Another code path where a lot of time is spent is in doing a dot product to see how similar two
documents are. The inner loop here is unrolled, indicating that the author probably knew that
this was a hot loop. One thing that I am curious of is whether the author considered Math.fma -
it should in theory be faster on CPUs with FMA instructions. [5]
Surprises
The observant reader might have noticed that part of the CPU time was reported when estimating
the RAM usage for SparseFixedBitSets, by the LinkedHashMap.get method. This is weird, since
the the RamUsageEstimator.shallowSizeOfArray method does not use a LinkedHashMap. It does use
a IdentityHashMap - but those are not the same thing. Java Mission Control reports the same
thing. This is rather disturbing - I believe that it is an instance of an OpenJDK bug
JDK-8201516,
which says that the debug symbols emitted by the JVM sometimes are wrong. [6]
So, can't we trust the Flight Recorder? It seems like no, not to 100% at least. On the other
hand I have used it for many years and have been able to predict how to improve performance. My
personal guess is that it likely is decently accurate from a birds-eye view, but that it might
mess up a bit when the JIT starts inlining. But what do I know? I've never touched the OpenJDK
source code. But maybe I should.
Searching
Search performance is arguably more important than indexing performance; after all, that's why
we have indices (as opposed to just using grep). Searches are made on 2 cores (out of 4) in
this benchmark, and the profiling data makes it evident that this is CPU-bound:
The test desktop is running a decently new SSD, but it's nothing fancy. Thus it might be
surprising that CPU usage is what seems to be the most scarce resource; one might assume that
we would be more IO-bound.
Since the search benchmarks tests many different kinds of queries, it's not obvious to point out
a single source of slowness:
Â
This points to a fundamental rule of performance; it depends on input. Different kinds of Lucene
queries will end up in different query paths and have vastly different performance
characteristic. These nightly benchmarks is very good at predicting the speed of e.g. certain
phrase queries, but they can't predict why your Kibana instance is slow.
Memory
Memory allocations in these nightly benchmarks is very low, at only about 115 MB/s. The worst I
have seen from Lucene is somewhere around 3GB/s. This was obviously with very different queries.

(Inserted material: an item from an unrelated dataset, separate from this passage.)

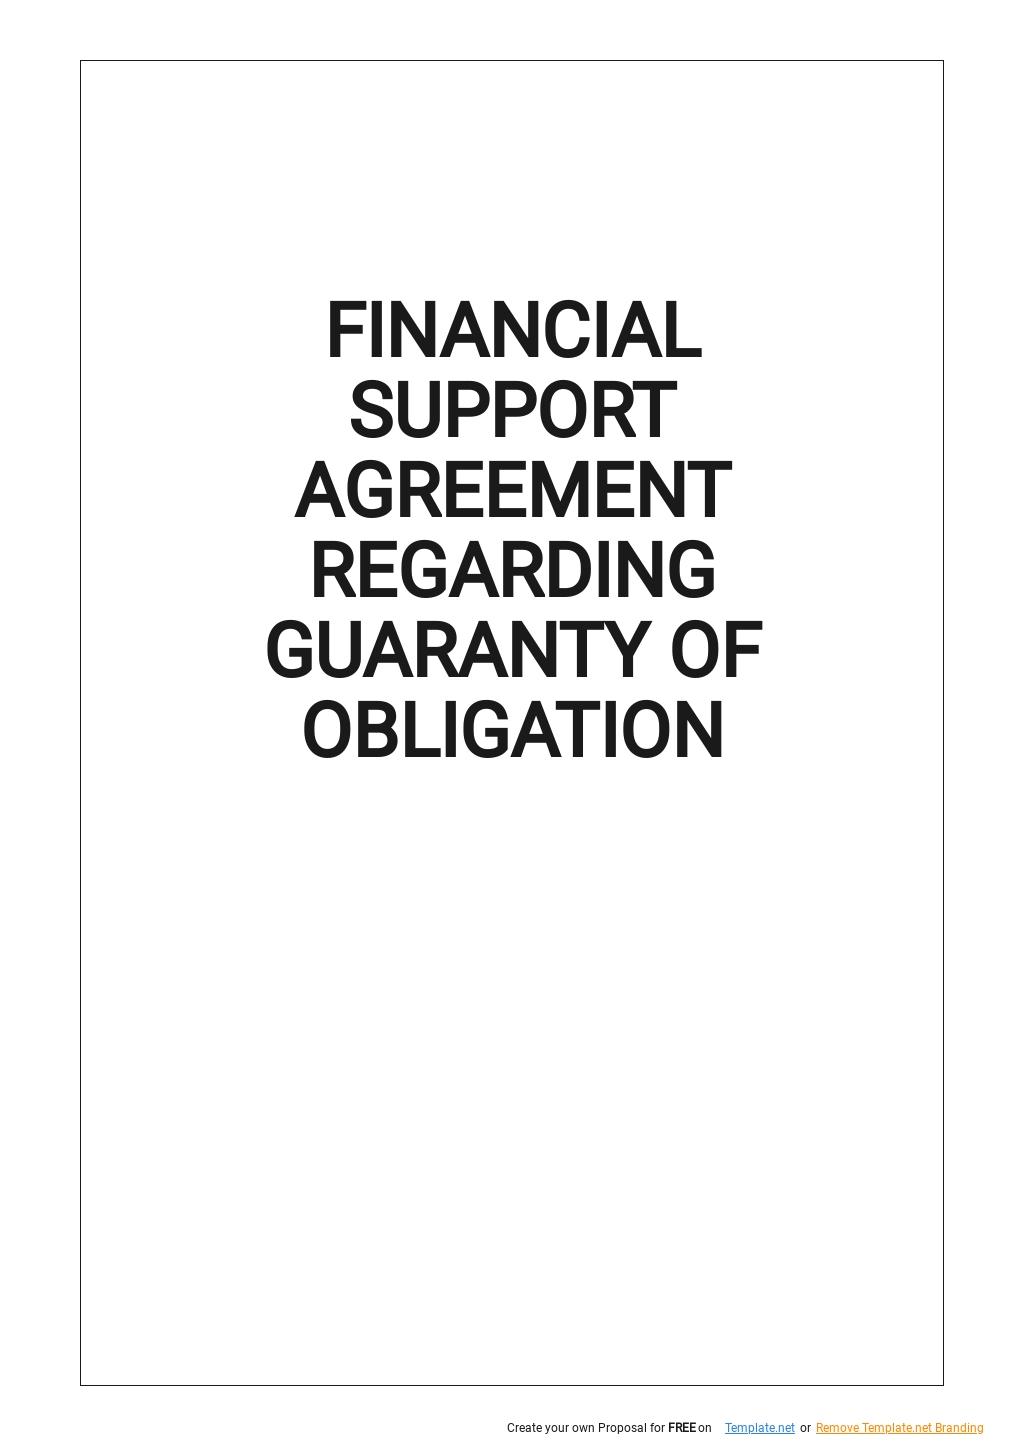 Financial Support Agreement Regarding Guaranty of Obligation Template.jpe

By looking at the allocation breakdown, we can see one way to allocate about half the amount of
memory:
Â
The TermGroupSelector does some kind of grouping of terms, which are identified as an integer:
Now, when you insert a int into a regular Java collection it is casted to a Integer object,
since
the Collection does not deal with primitives. This cast is what's causing 50% of the memory
allocations. There are libraries that provide collections for primitives, e.g. fastutil. Using
something like that could help. [7]
Thoughts
This has mostly been me spelunking into code that I don't work with. Reading code is great for
learning how to build systems - maybe looking at many profile results is good for learning how
to work with performance?
As mentioned, I have worked with Lucene before. The profiling data from there looked nothing
like
profiling data in the benchmark; it allocated way more memory. Both documents and queries were
different.
Choosing what to include in a benchmark specifies what kind of performance that your project
cares about. A reasonable approach to do this is to guess what kinds of queries are the most
common in real-world usage; I believe that this is what Lucene does. But it also means that
fringe use-cases are not always covered. If you have problems with Lucene, Elasticsearch, or for
that matter _any_ program, I highly encourage you to profile it.
Finally, I would like to thank everyone who has contributed to Lucene. It's a great library.